Anna followed the closely written entry:

Male infant, ca. three months, no distinguishing marks, no outward injuries. Warmly dressed. Alert. Found sleeping on the grass under a tree in Stuyvesant Square at 5 o’clock by a clerk walking past on her way home from work. Officer A. Riordan.

“Hard to know,” Anna said. “Without more of a description.”

Mrs. Webb came over, the newly bathed baby on her arm and read over Anna’s shoulder. “Remind me, who is it you’re after finding?”

“A boy, about three months. Healthy. Very dark hair, blue eyes. Went missing on March twenty-sixth.”

The matron was shaking her head. “No child like that come through here. When I get one that big and healthy, usually a mother comes around looking for it sooner or later. Most all of mine arrive half-dead already.” Her tone was unremarkable; a sailor talking about the tides. “But they leave clean and warm with a full belly. Every one of them. After that it’s up to the good Lord.”

•   •   •

WITHOUT DISCUSSION THEY started for Washington Square, turning left onto Bleecker before either of them even thought of talking. Then Jack said something that took her by surprise.

“You know better than to be in this neighborhood at dusk.” Not a question, not a command. A simple statement.

“Of course.”

It was always odd to be reminded how close the very worst of the city was to the house where she had grown up, where she knew all the neighbors and never felt even the slightest discomfort, no matter the hour. The city was like a deck of cards well shuffled; any corner could reveal disaster or deliverance.

•   •   •

WALKING THROUGH LENGTHENING shadows in Washington Square Park was almost dreamlike. For those last ten minutes Jack thought of what he might say, and rejected everything that came to mind.
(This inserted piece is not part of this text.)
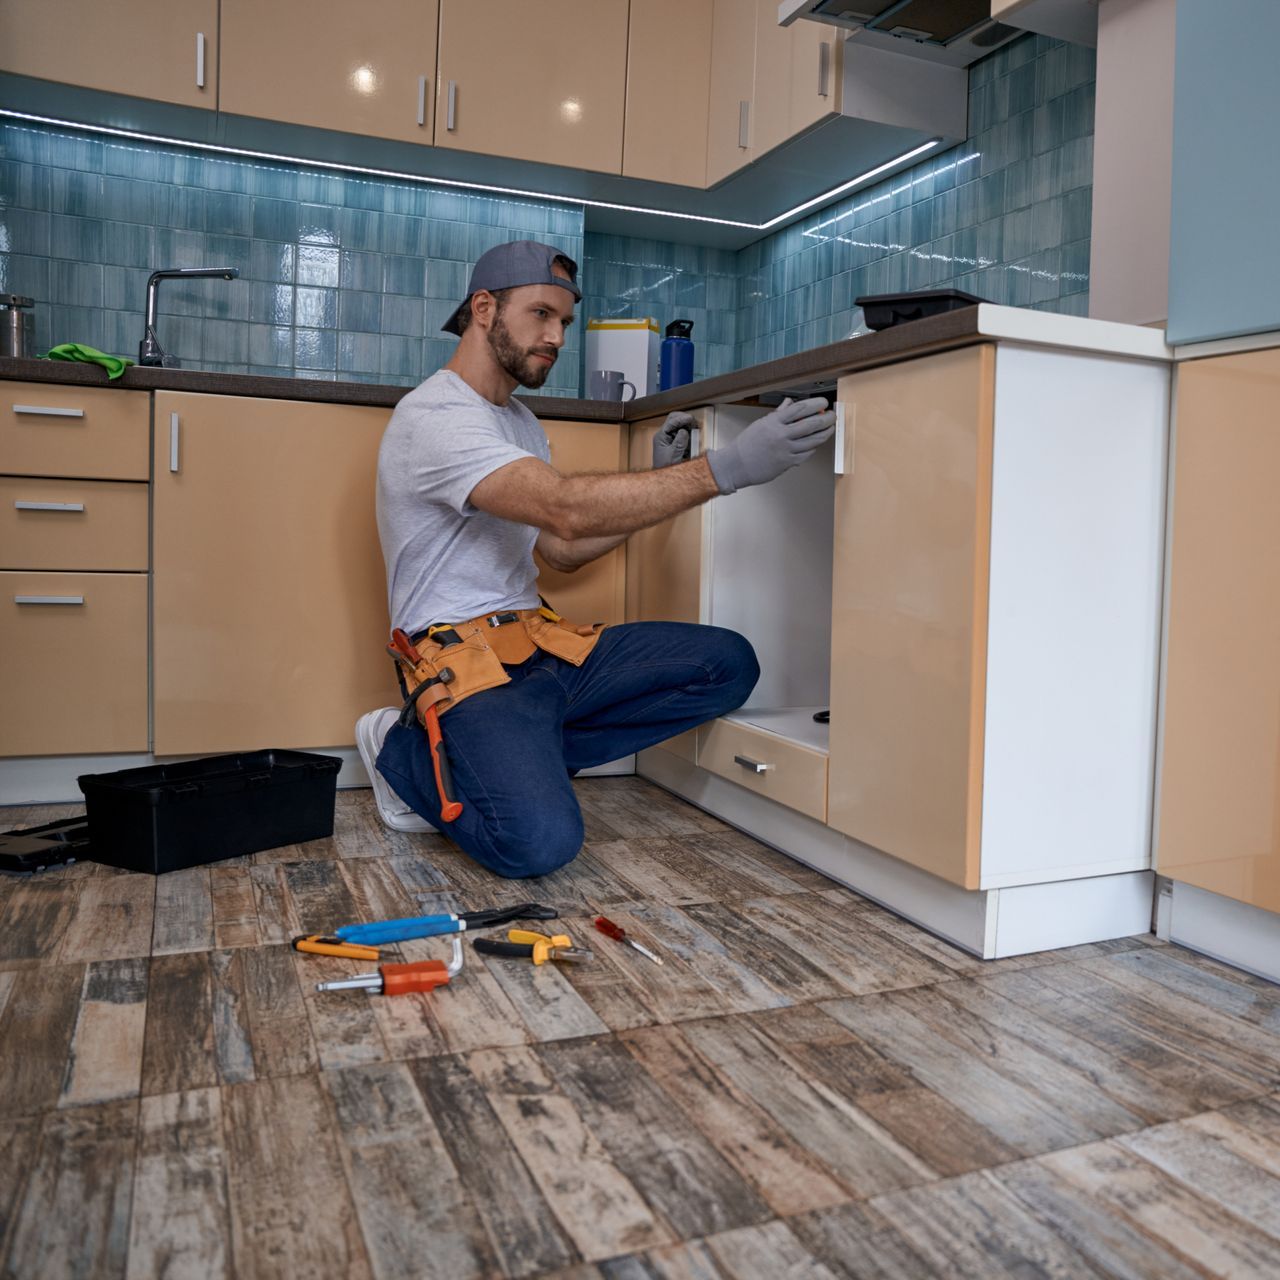 a man is kneeling on the floor in a kitchen fixing a sink .

At the corner of Waverly Place and the park she stopped and turned to him.

“Sophie and I are writing to all the smaller homes and orphan asylums, but there are several I think I need to visit personally.”

“We can do that this week.”

Sometimes when she smiled in a certain way, a dimple fluttered to life in her left cheek. It was there now. “That’s kind of you.”

He was wondering if she was really oblivious to his interest in her when she said, “I don’t mean to be rude, but it would be better if you don’t come to the door with me. If Rosa sees you she’ll pin you down with a million questions.”

He might have said I can answer questions, or I’m not ready to leave you yet, but neither of those things would move him toward his goal. A goal he had somehow formulated without much conscious thought, but one that had already put down roots. He had to clear his throat to speak.

“I’ll send word tomorrow, or the day after, unless work gets in the way, and then it might not be until later in the week.”

“Generally I’m in surgery in the mornings,” she said. “We both have schedules to work around.”

He took her hand as if to shake it and ran his thumb over the cool silk of her glove to feel the warm skin beneath it, stroking the cleft where palm met wrist. She started but didn’t pull away. He wondered if it was possible for her to stop herself from blushing, or if it was a battle she always lost.

After a moment he passed her leather satchel back to her, and she turned and walked away. Jack watched her go, her pace picking up. Then she stopped and turned back, as if she had forgotten something important.

She called, “If your man yesterday had been French, what would you have said to him then?”

He laughed.

“You don’t know!”

“Maybe not,” he called back. “What part of France?”


BY THE TIME they had spent four nights in the house on Waverly Place, the little girls had settled into a routine. “Give children a clock to live by,” Mrs. Lee said. “So they know what’s coming, when it’s coming, how long it will last. They’ll take comfort in that knowing.”